Work required —
Give an unaltered copy of the listing below, minus its pictures.

Recorded data —
◇ ◇ ◇ ◇

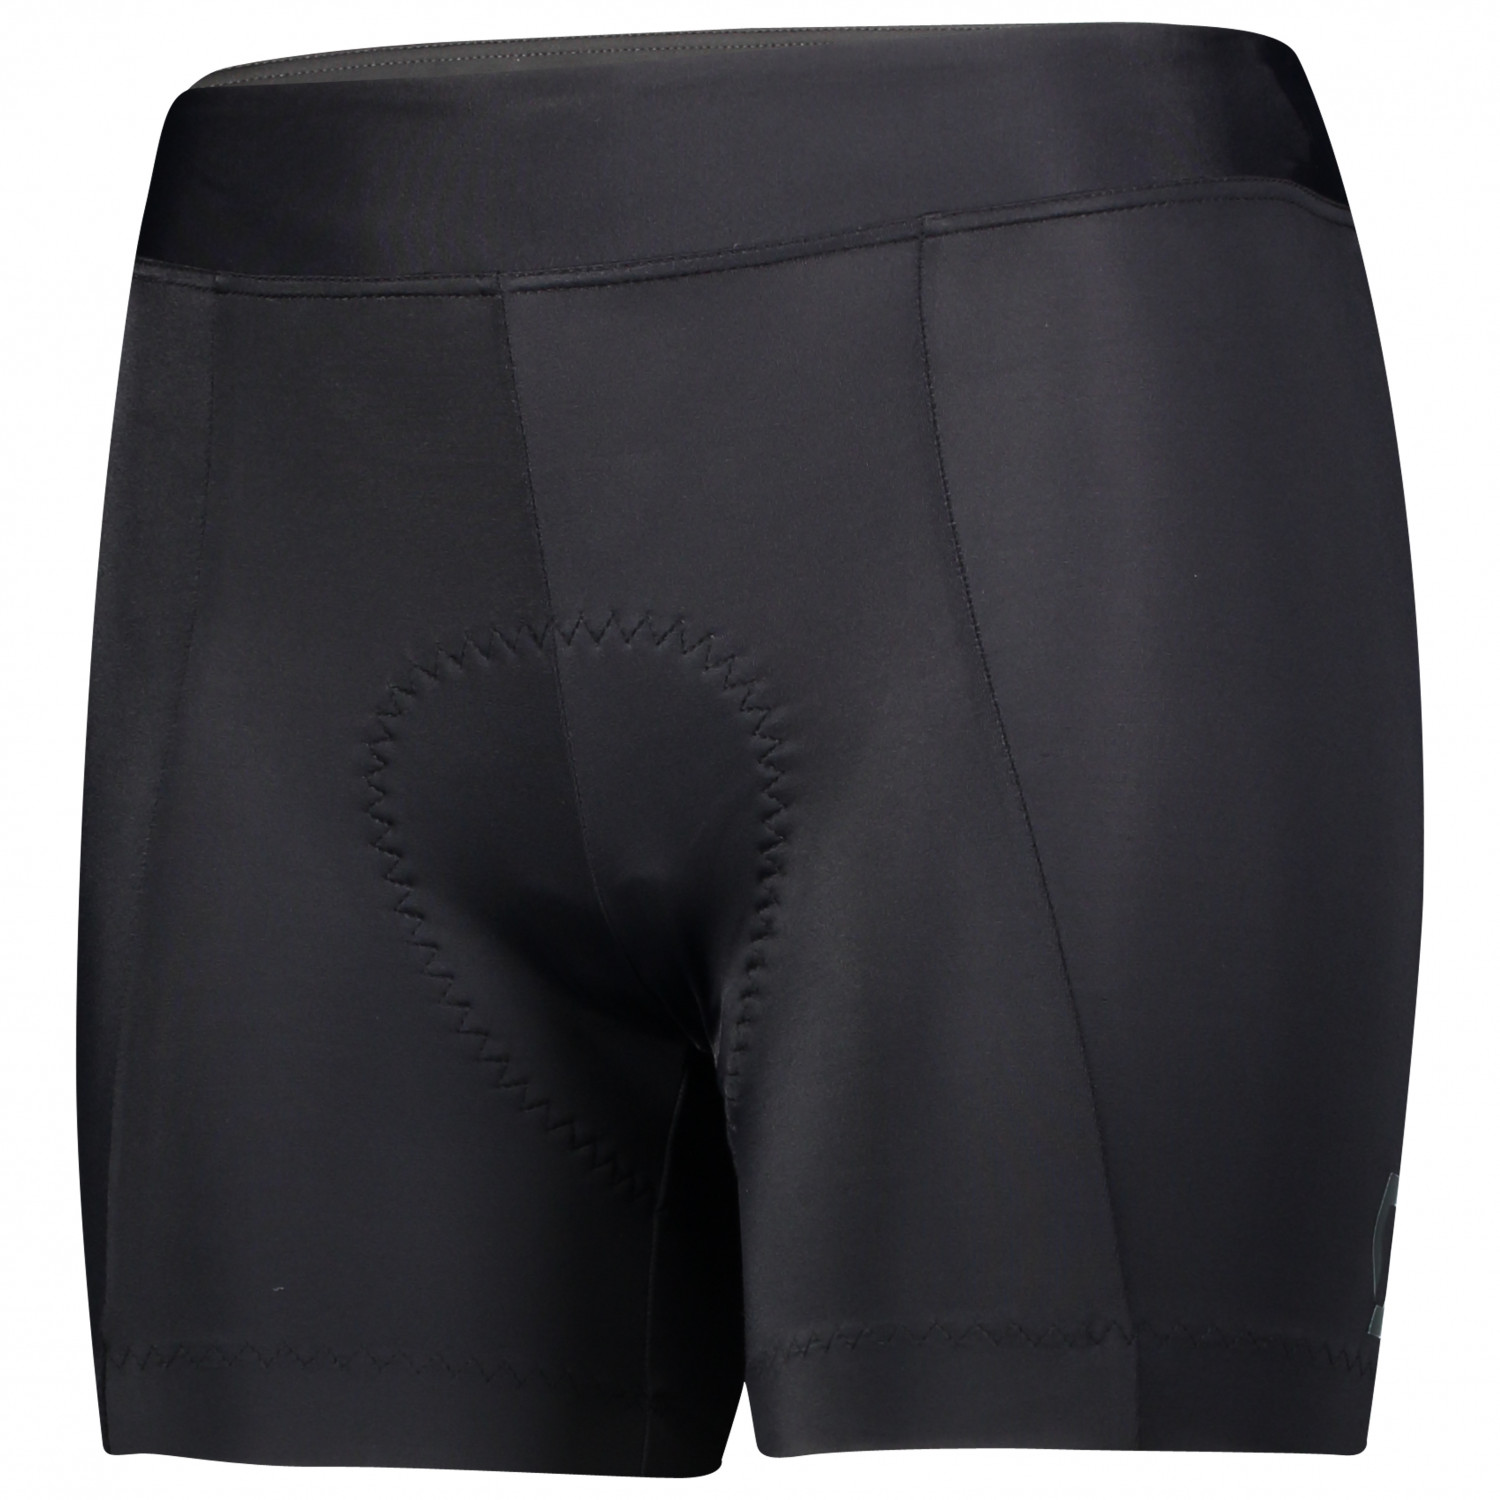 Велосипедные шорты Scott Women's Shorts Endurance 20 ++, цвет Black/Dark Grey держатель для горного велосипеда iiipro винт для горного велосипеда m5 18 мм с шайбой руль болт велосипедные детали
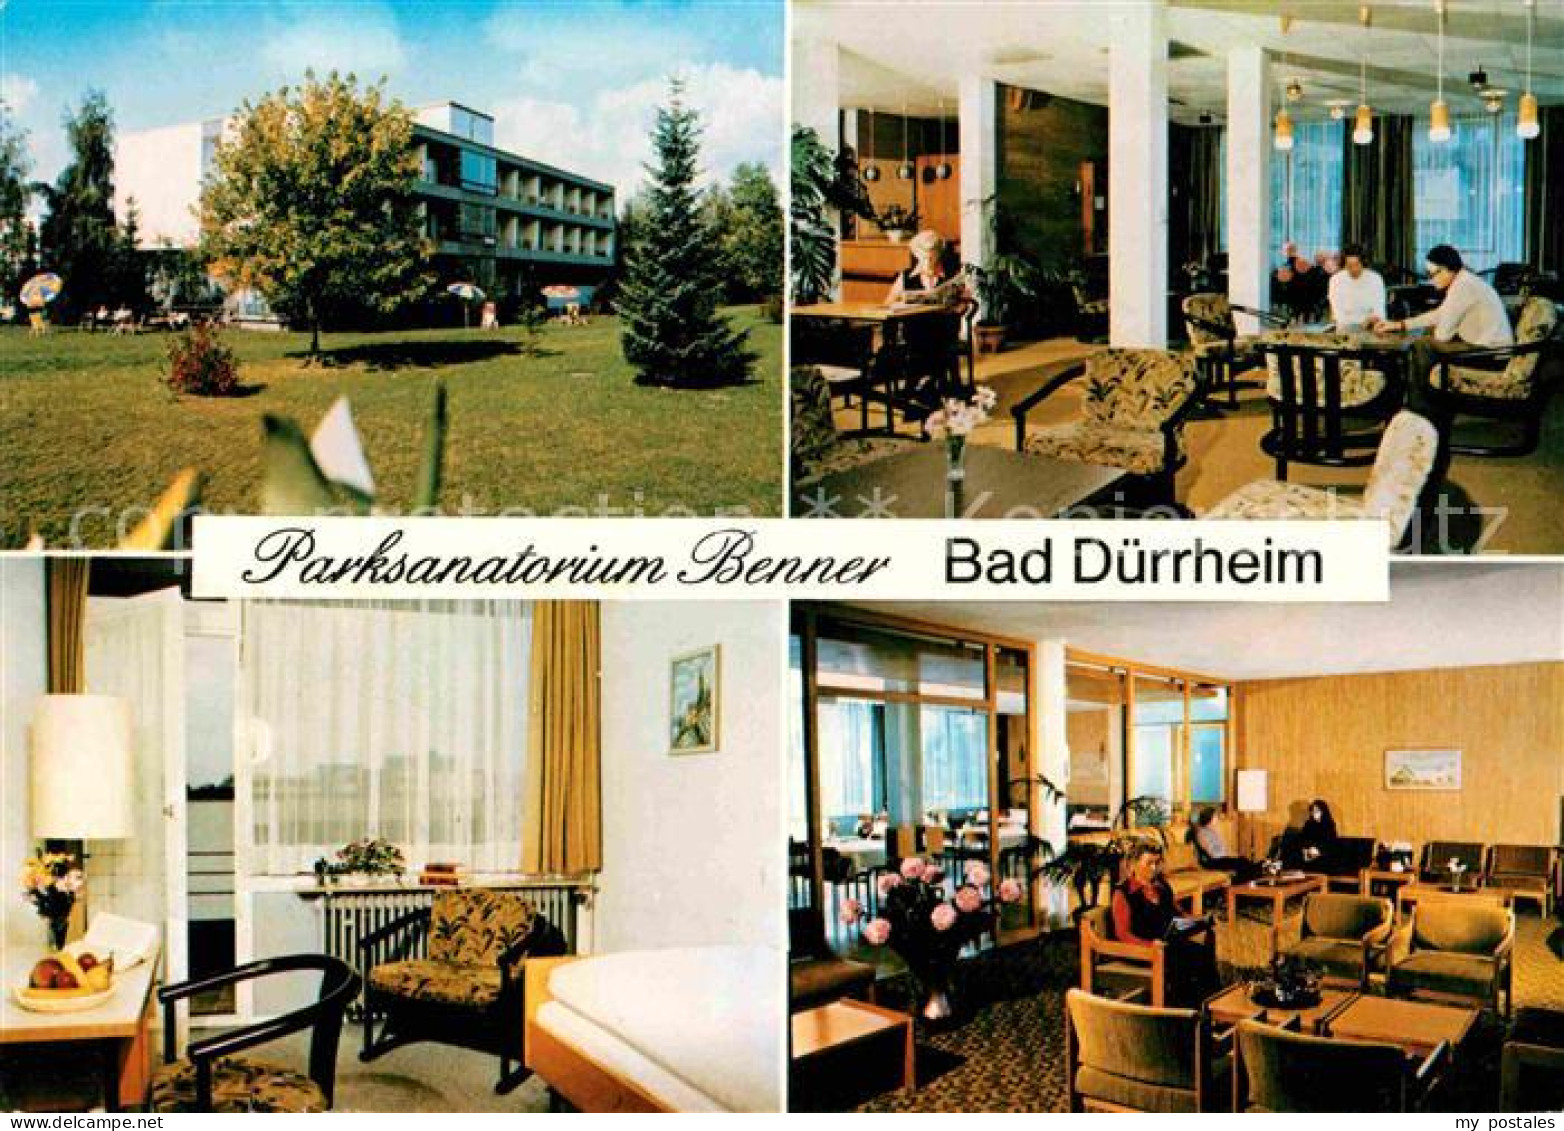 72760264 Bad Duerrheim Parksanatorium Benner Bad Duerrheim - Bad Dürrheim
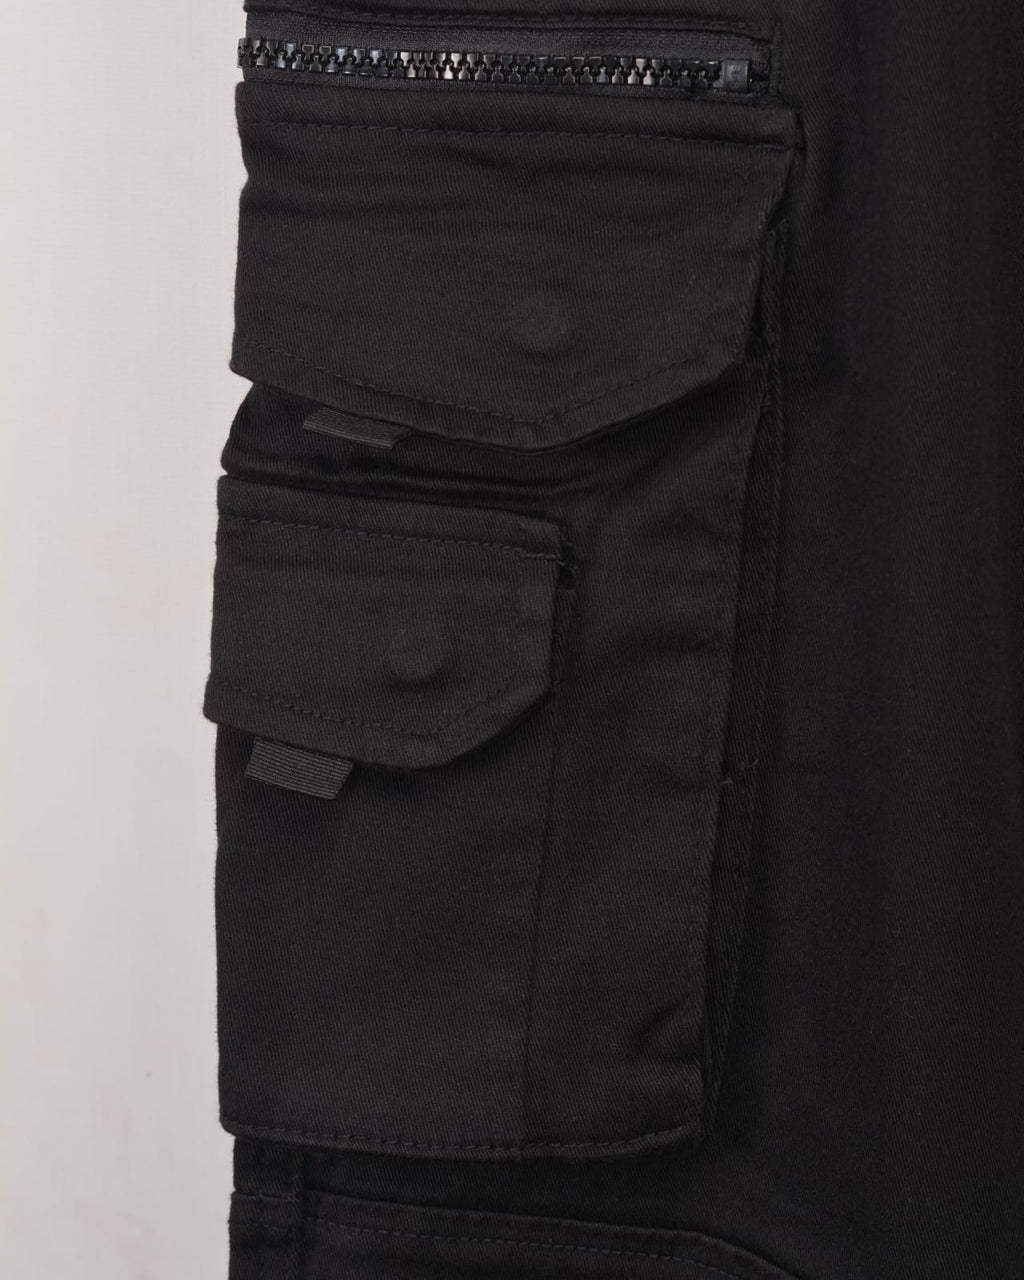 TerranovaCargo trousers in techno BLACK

◇ ◇ ◇ ◇

Exercise response —
 Велосипедные шорты Scott Women's Shorts Endurance 20 ++, цвет Black/Dark Grey держатель для горного велосипеда iiipro винт для горного велосипеда m5 18 мм с шайбой руль болт велосипедные детали
 72760264 Bad Duerrheim Parksanatorium Benner Bad Duerrheim - Bad Dürrheim
 TerranovaCargo trousers in techno BLACK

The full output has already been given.